Die Freiheit der Wissenschaft, Forschung und Lehre ist in Art. 5 Abs. 3 GG grundrechtlich geschützt. Wissenschaft ist jede Tätigkeit, die nach Inhalt und Form als ernsthafter und planmäßiger Versuch der Ermittlung wahrer Erkenntnisse anzusehen ist. Geschützt werden alle in Forschung und Lehre Tätigen, wie Hochschullehrer, Studenten, aber auch nichtwissenschaftliche Bedienstete der Universitäten.

Die verfassungsrechtlichen Garantie beinhaltet insbesondere den Schutz des gesamten wissenschaftlichen Erkenntnisprozesses vor staatlicher Einmischung. U.a. zählt hierzu auch der Schutz der freien Entscheidung, ein bestimmtes Forschungsergebnis oder eine bestimmte Lehrmeinung zu veröffentlichen.
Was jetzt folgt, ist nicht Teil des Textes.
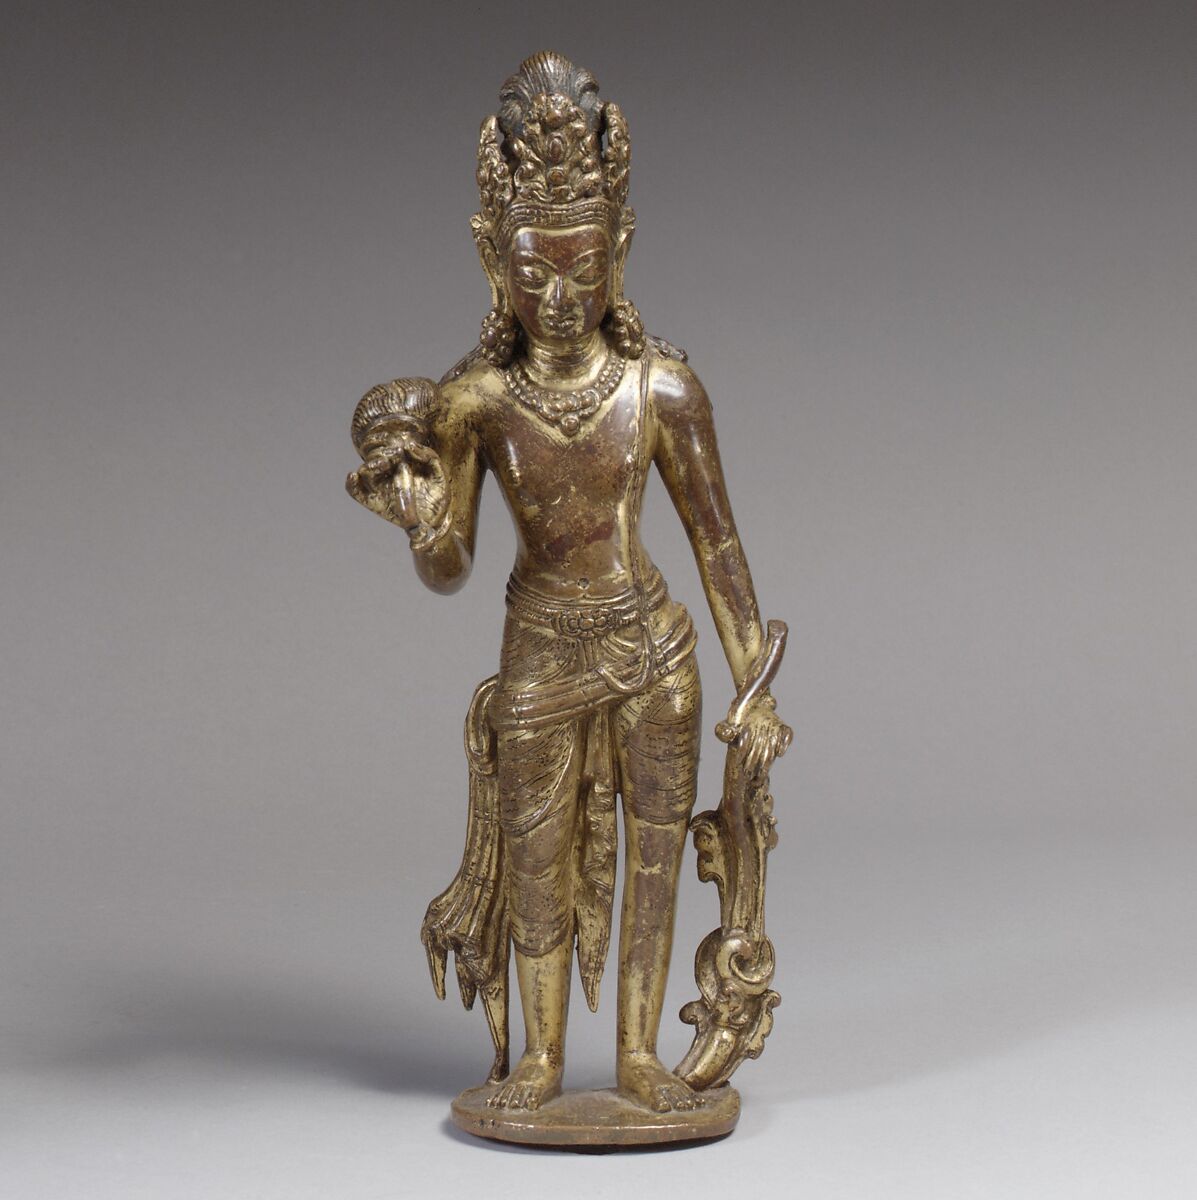 Bodhisattva, probably Padmapani Lokeshvara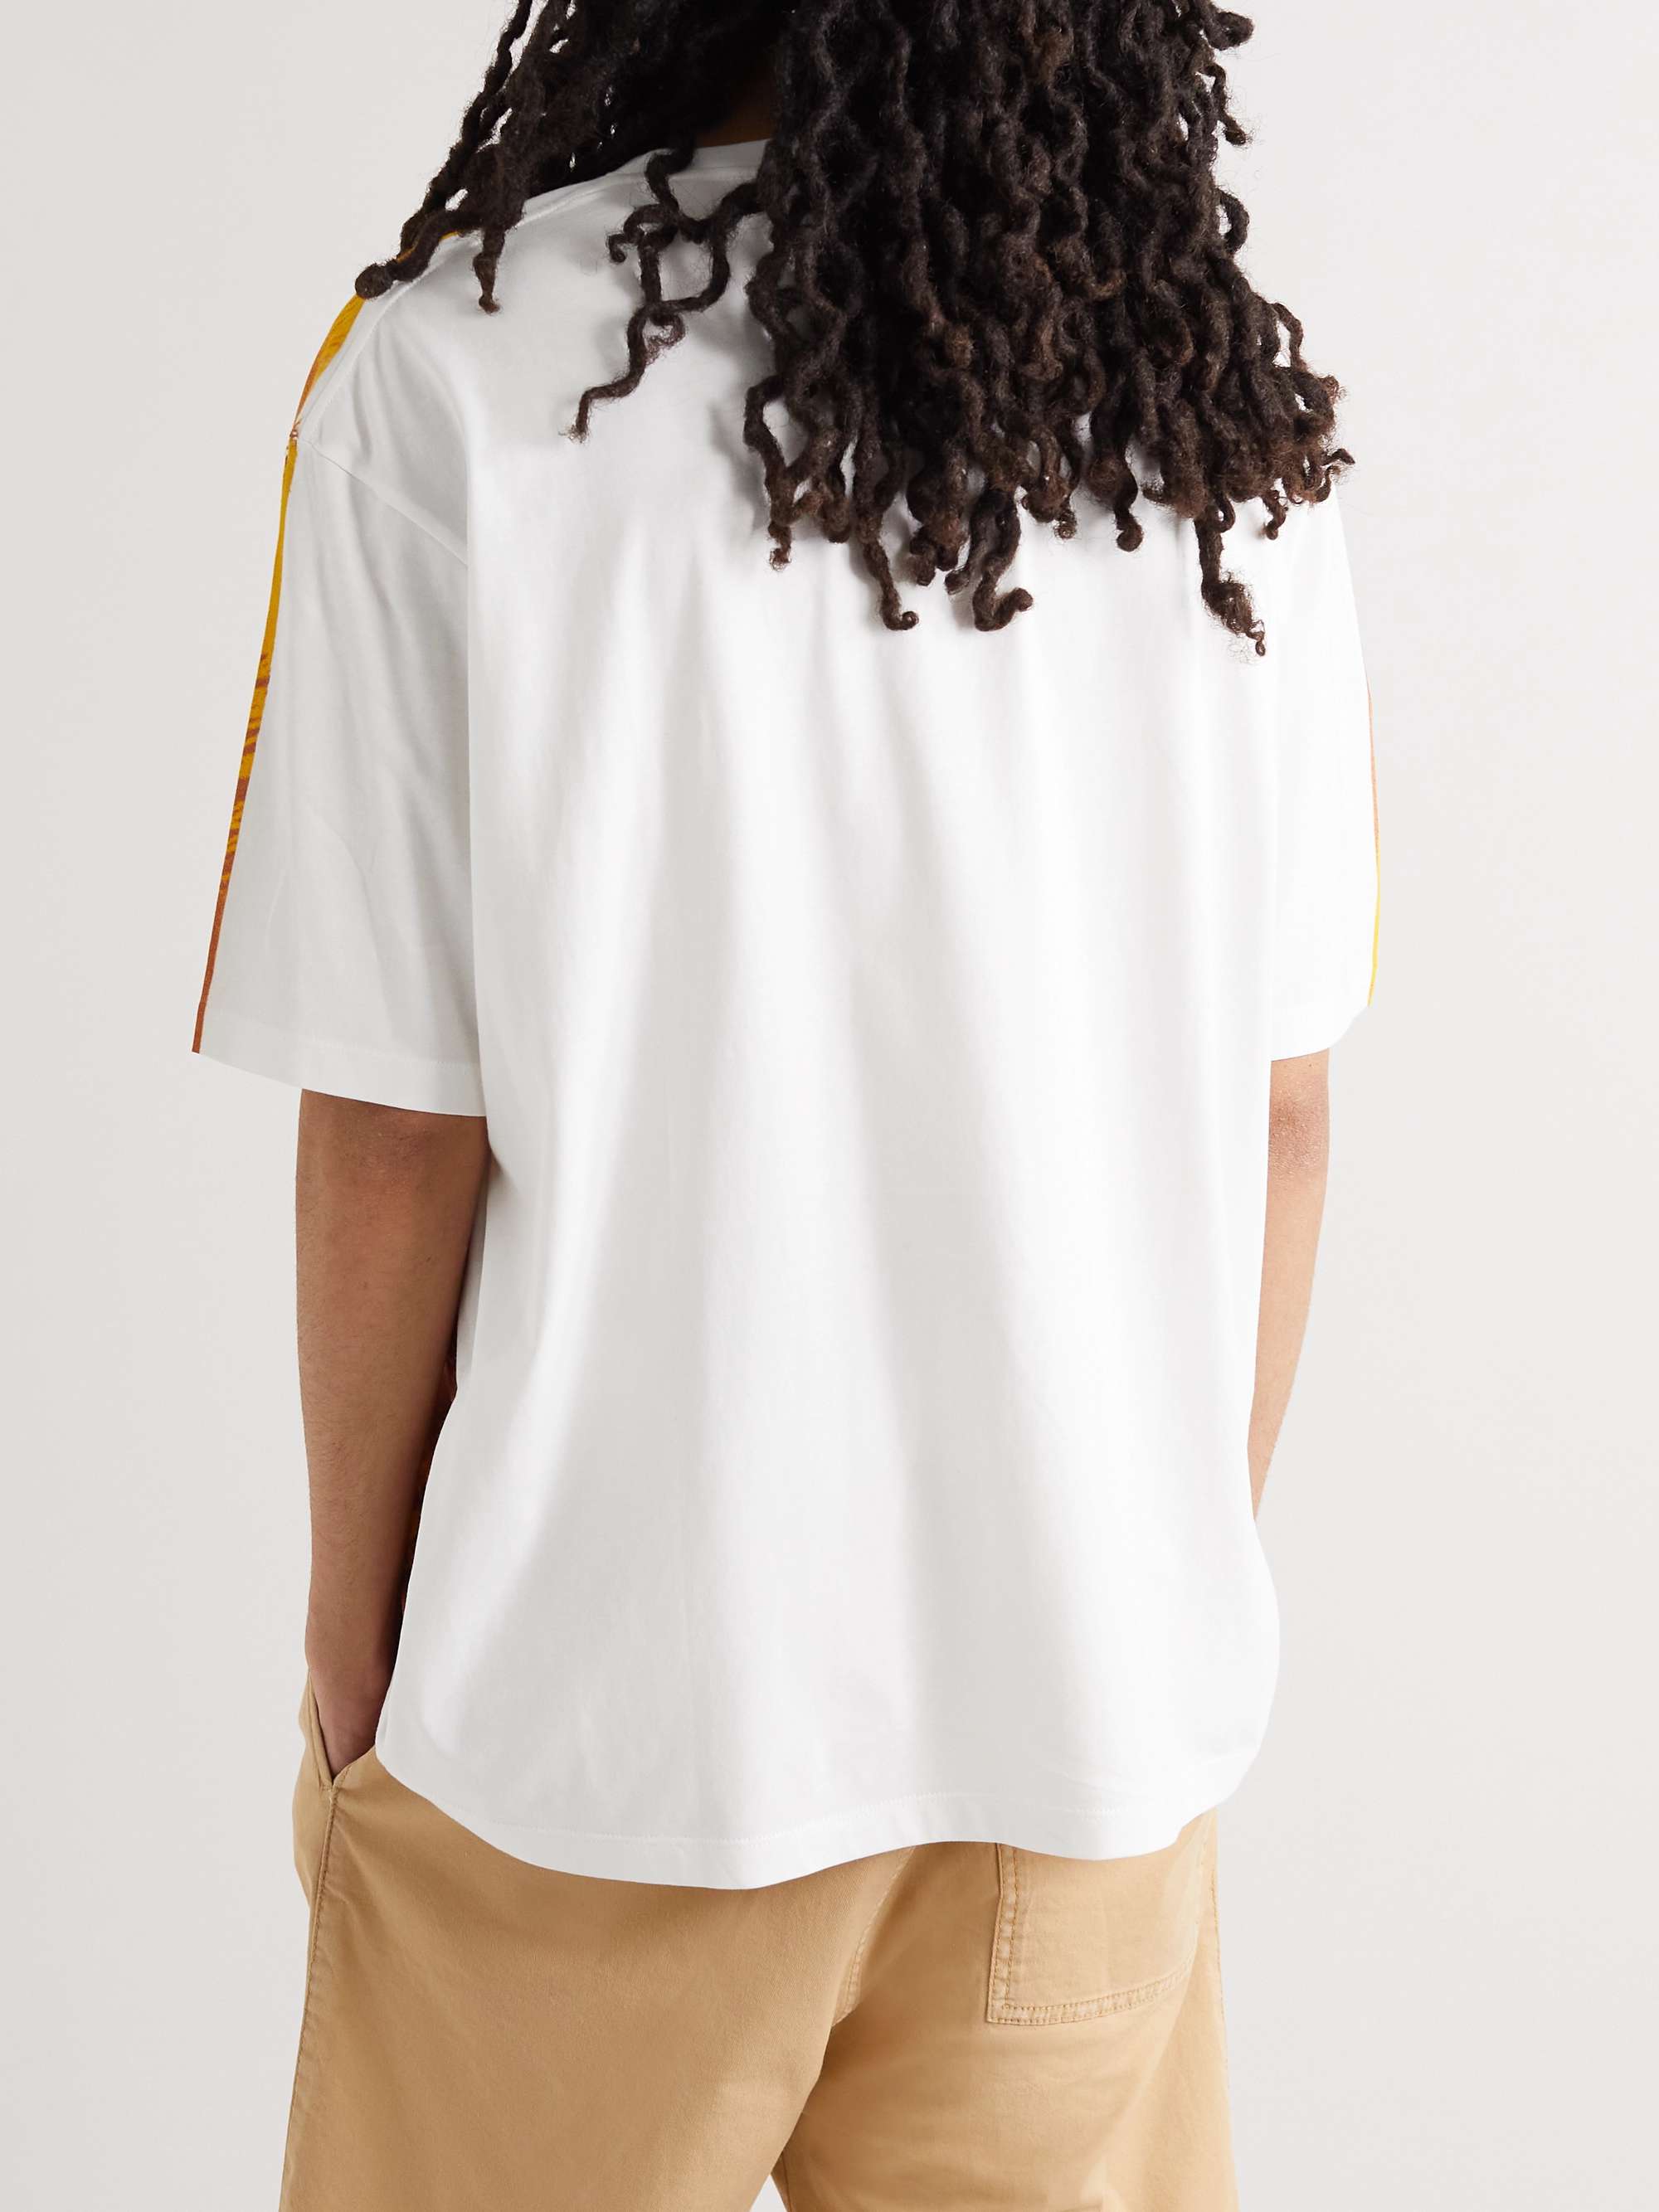 LOEWE + Paula's Ibiza Printed Cotton-Jersey T-Shirt

Nach der Rechtsprechung des Bundesverfassungsgerichts verfügt der Gesetzgeber über einen weiten Gestaltungsspielraum, um den Wissenschaftsbetrieb mit Blick auf die unterschiedlichen Aufgaben von wissenschaftlichen Einrichtungen und auf die Interessen aller daran Beteiligten in Wahrnehmung seiner gesamtgesellschaftlichen Verantwortung zu regeln. Er ist nicht an überkommene Modelle der Hochschulorganisation gebunden und darf zur Verwirklichung seiner hochschulpolitischen Auffassungen Anforderungen an eine effiziente Organisation, gute Haushaltsführung und klare Verantwortungszuweisung unterschiedlich gewichten. Die Sicherung der Wissenschaftsfreiheit durch organisatorische Regelungen verlangt aber, dass die Wissenschaftlerinnen und Wissenschaftler durch ihre Vertretung in Hochschulorganen Gefährdungen der Wissenschaftsfreiheit abwehren und ihre fachliche Kompetenz zur Verwirklichung der Wissenschaftsfreiheit in die Organisation einbringen können. Der Gesetzgeber muss für die Organisation der Wissenschaftsfreiheit ein Gesamtgefüge schaffen, in dem Entscheidungsbefugnisse und Mitwirkungsrechte, Einflussnahme, Information und Kontrolle so beschaffen sind, dass Gefahren für die Freiheit von Lehre und Forschung vermieden werden.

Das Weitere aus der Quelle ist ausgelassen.